#### [What you need to do]
Transcribe all of the data exactly. Images stay out.

#### [Dataset extract]
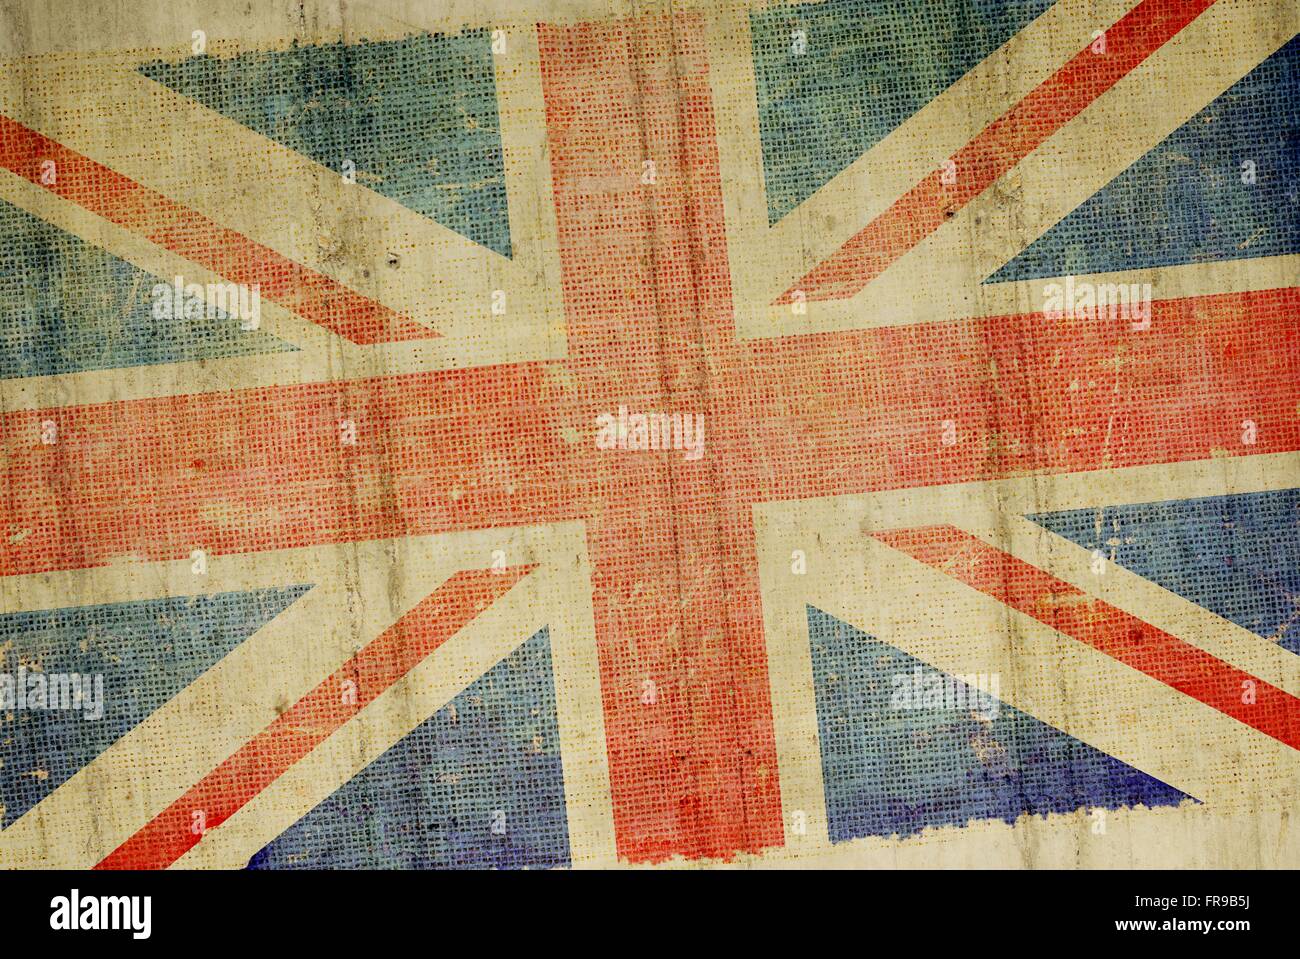 Grunge Concrete Wall United Kingdom Flag Background Illustration. British Flag Backdrop. Stock Photo
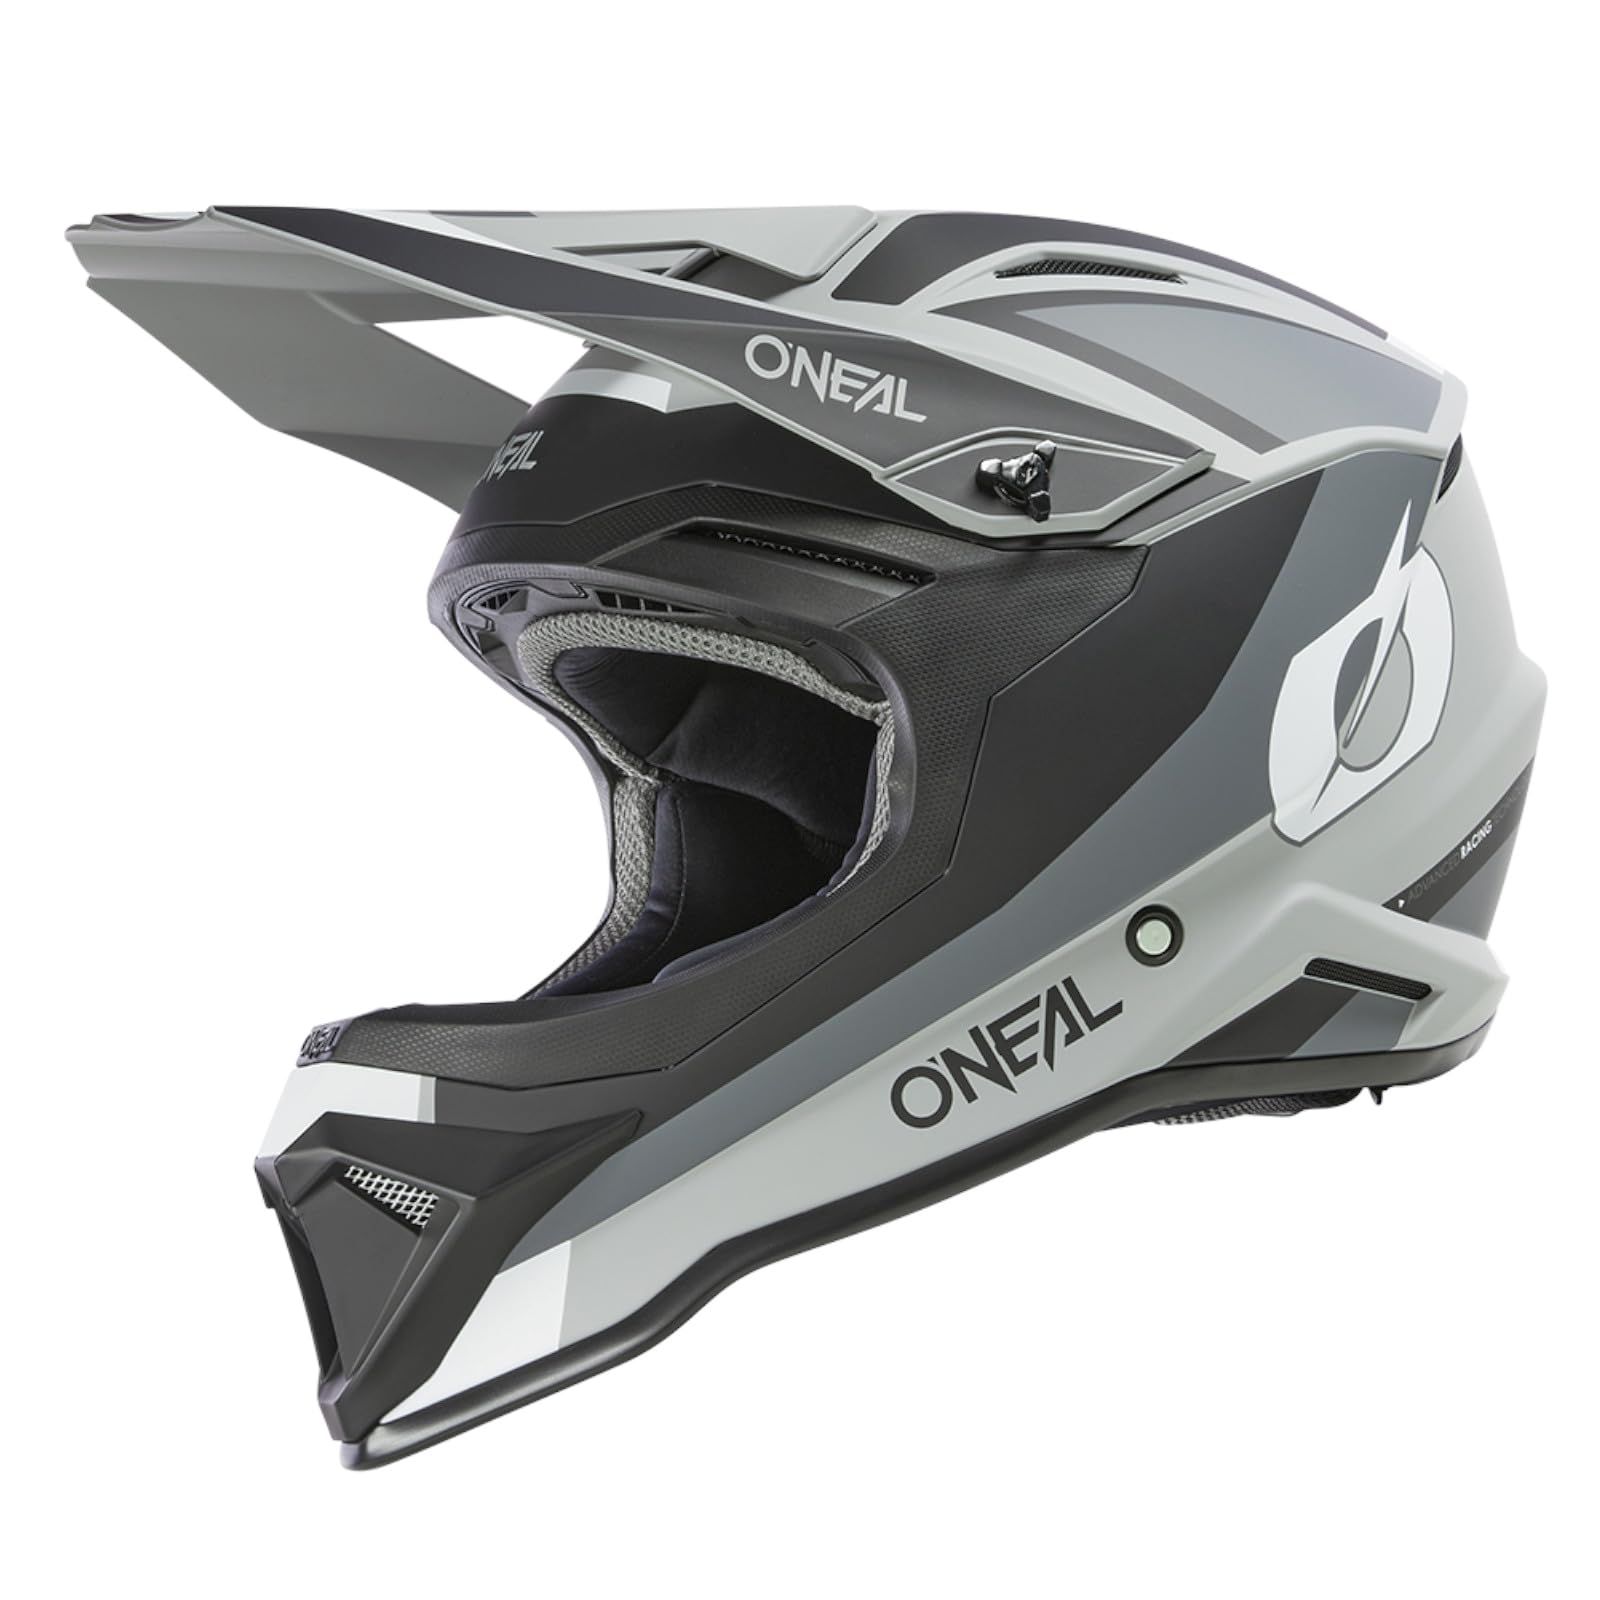 O'NEAL | Motocross-Helm | MX Enduro | ABS-Schale, Konfort-Innenfutter, Lüftungsöffnungen für optimale Belüftung & Kühlung | 1SRS Helmet Stream V.24 | Erwachsene | Schwarz Grau | Größe L von O'NEAL
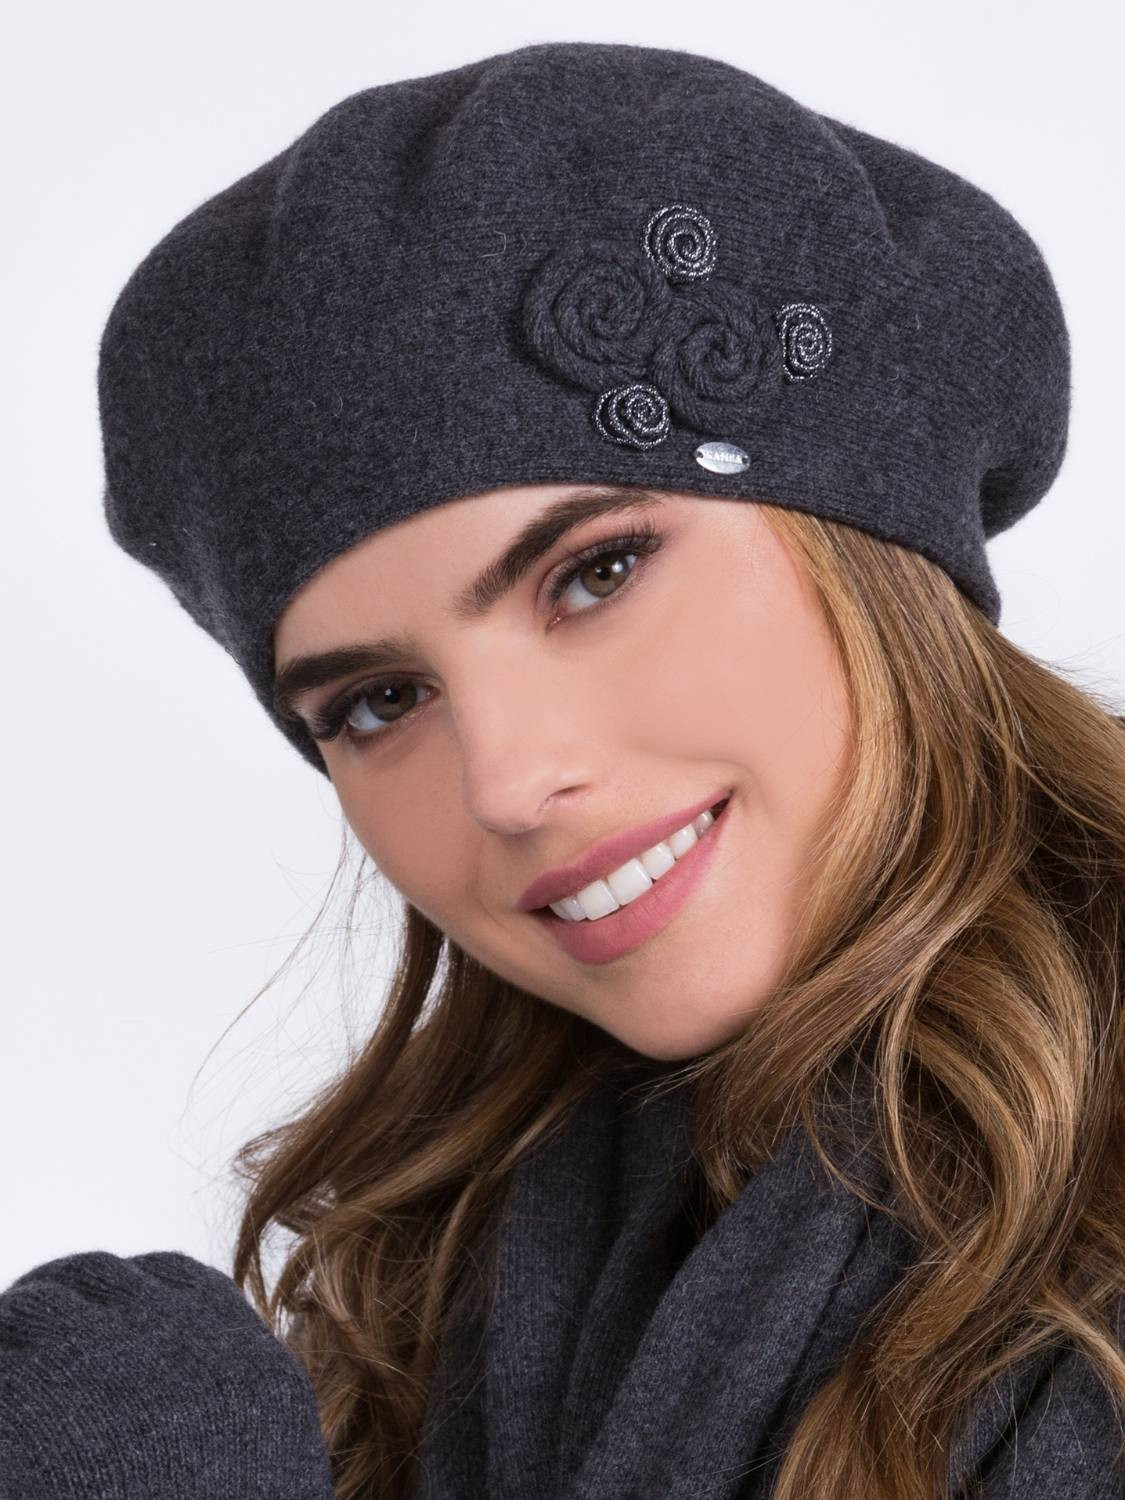 Elegant beret for women, BIRMA_07

#### [Answer space]
 Grunge Concrete Wall United Kingdom Flag Background Illustration. British Flag Backdrop. Stock Photo
 O'NEAL | Motocross-Helm | MX Enduro | ABS-Schale, Konfort-Innenfutter, Lüftungsöffnungen für optimale Belüftung & Kühlung | 1SRS Helmet Stream V.24 | Erwachsene | Schwarz Grau | Größe L von O'NEAL
 Elegant beret for women, BIRMA_07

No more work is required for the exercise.